Desde que ha comenzado su segundo mandato, Trump está empeñado en demostrar que la hegemonía norteamericana continúa plenamente vigente, cuando cada vez es más evidente la desaparición del orden unipolar que surgió tras la caída de la URSS. A la política interna de mano dura contra la inmigración y de recorte de derechos sociales, se ha sumado una política exterior beligerante, de momento en el plano económico, y que probablemente terminará con intervención militar en los países que no se plieguen a sus designios. Guerra económica que sufrirán y pagarán los trabajadores estadounidenses y de otros países, mientras el capital se enriquece aún más, enarbolando las banderas del país que “defienden”.
La retórica supremacista y ultranacionalista, que en la primera legislatura se quedó más en exabruptos que en hechos, ha venido, esta vez sí, acompañada de una serie de medidas propias de cualquier régimen fascista de los años 30. Las detenciones arbitrarias y las deportaciones masivas, sin las mínimas garantías y en condiciones infrahumanas, aparte de reforzar la imagen del presidente, supone una campaña de terror para los trabajadores migrantes, legales e ilegales, que se traduce en “agacha la cabeza ante tu amo, aguanta la explotación y ni se te ocurra alzar la voz, o mañana mismo estás esposado en un avión de vuelta a tu país”. A esto se suma la creación en varios estados de grupos de caza recompensas con la misión de reportar a los inmigrantes ilegales a las autoridades con recompensas de 1.000 dólares. No es difícil imaginarse el perfil de quienes integren esta fuerza parapolicial, supremacistas blancos, neonazis armados y que seguramente no tendrán ningún reparo en apalear o abrir fuego contra quienes intenten cualquier mínima resistencia.
Ahora bien, quizá la mayor muestra de lo que será el trumpismo en esta segunda etapa es la limpieza étnica del pueblo palestino. Si bien todas las administraciones yanquis han sido cómplices de la ocupación y destrucción de Palestina, en su delirio, Trump, creyéndose el amo y señor del mundo, ha decidido que los palestinos deben ser deportados y su tierra convertida en un parque de atracciones para los israelíes y las elites económicas occidentales. Este plan no solo cuenta con el apoyo del gobierno sionista de Israel y sus sectores más radicales, sino que es visto por buenos ojos por una parte importante de la población israelí, que parece olvidar que ellos mismos llegaron a esas tierras como consecuencia de las deportaciones masivas realizadas por los nazis sobre los judíos europeos. Trump y Netanyahu, como Hitler en su momento, han decidido que necesitan un mayor espacio vital, y los palestinos tendrán dos opciones, o huir ahora o atenerse a las consecuencias después. Ante estas auténticas atrocidades, la UE y el resto de países vasallos guarda silencia, preocupada por no hacer enfadar al nuevo emperador.

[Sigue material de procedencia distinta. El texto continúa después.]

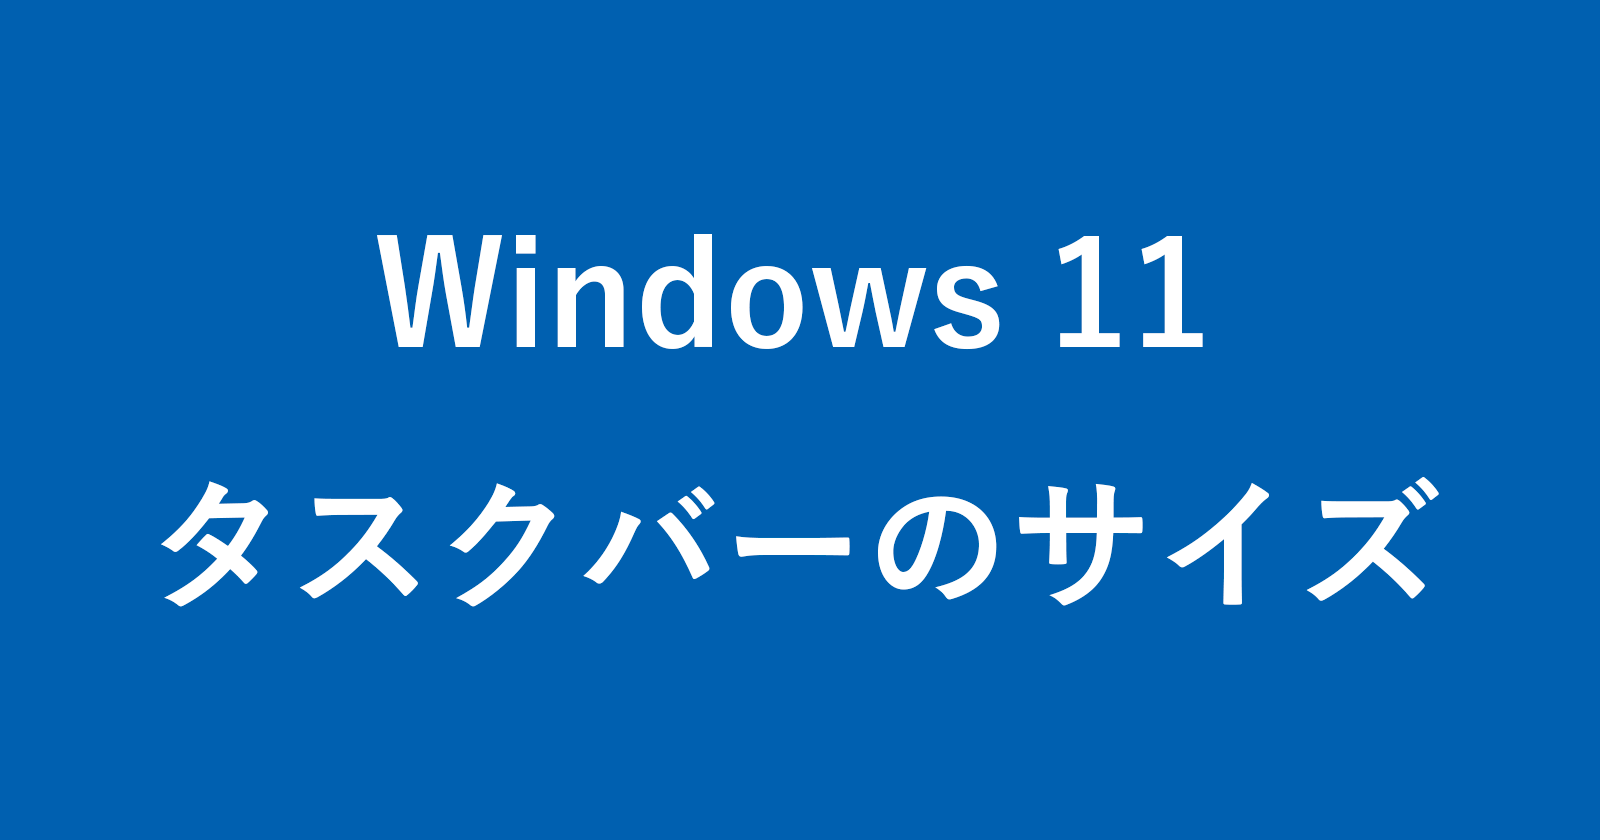 windows 11 taskbar size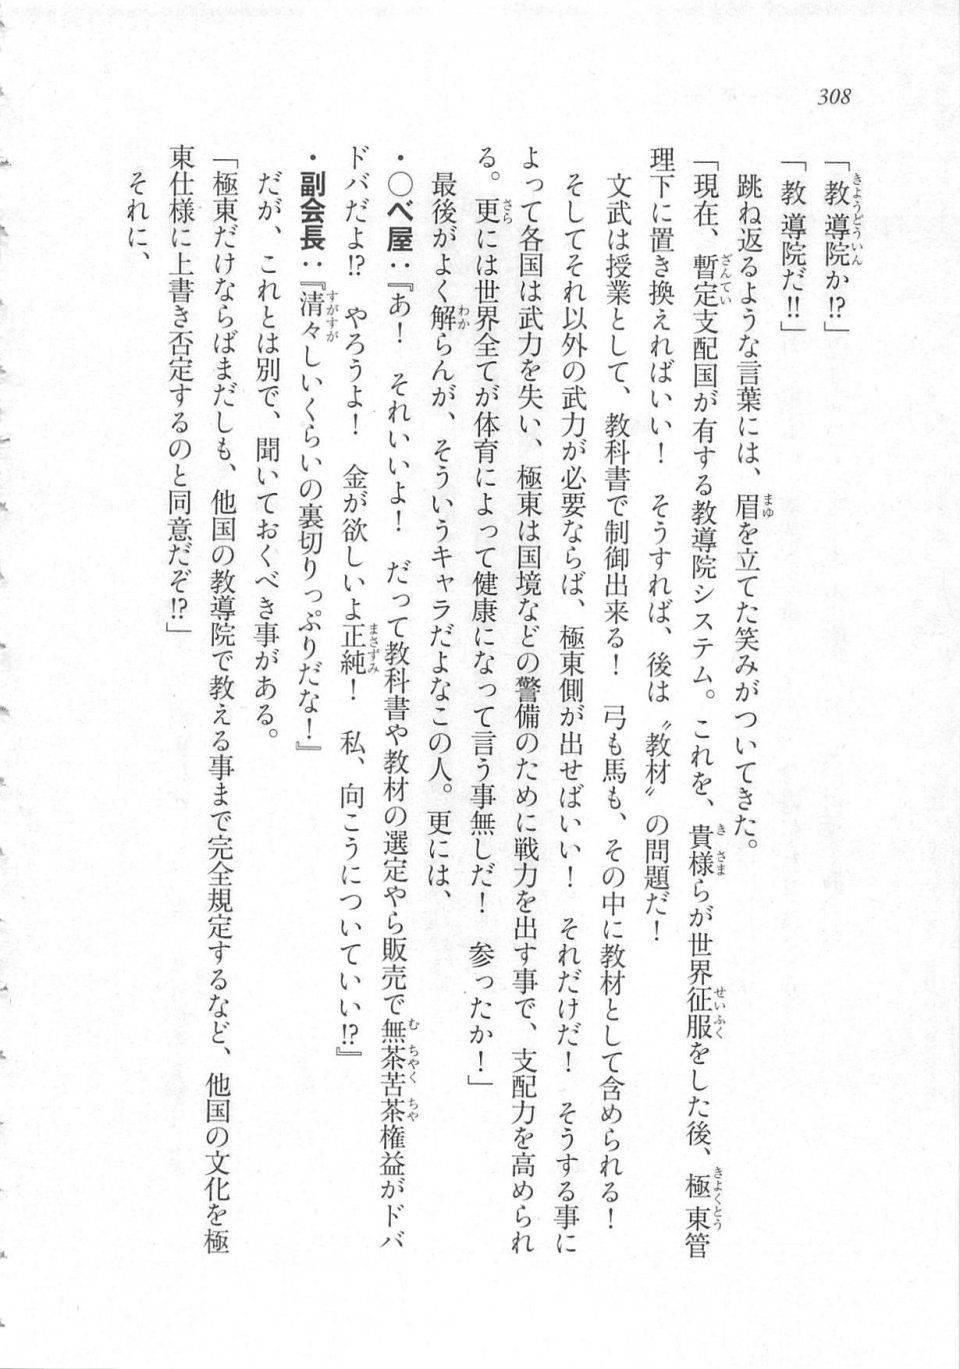 Kyoukai Senjou no Horizon LN Sidestory Vol 3 - Photo #312

Las réplicas de las decisiones de Trump no han tardado en hacerse notar a su vez en el resto del mundo, los Milei, Abascal, Orbán y el resto de ultraderechistas están envalentonados. Un ejemplo de esto es la retirada de Argentina por orden de Milei de la OMS o de los Acuerdos de París, siguiendo el ejemplo de Trump. La ola reaccionaria y la pérdida de derechos para la clase trabajadora se acelerará a nivel global. En definitiva, Donald Trump ha llegado a la Casa Blanca, prometiendo restaurar la gloria del imperio decadente, como Hitler en 1933. Junto a él está su Goebbels particular, un Elon Musk desquiciado que no tiene reparos en hacer el saludo romano en público y que es el recordatorio directo de que quienes realmente ostentan el poder son las elites económicas. Hoy resuenan con fuerza las palabras de Antonio Gramsci que encabezan este texto y que nos recuerdan como el monstruo del fascismo surgió en el claroscuro de los cambios que sacudieron Europa tras la Primera Guerra Mundial y que hoy, en un mundo en cambio, parece ser de nuevo una amenaza más que real. Cuando no ya una realidad innegable.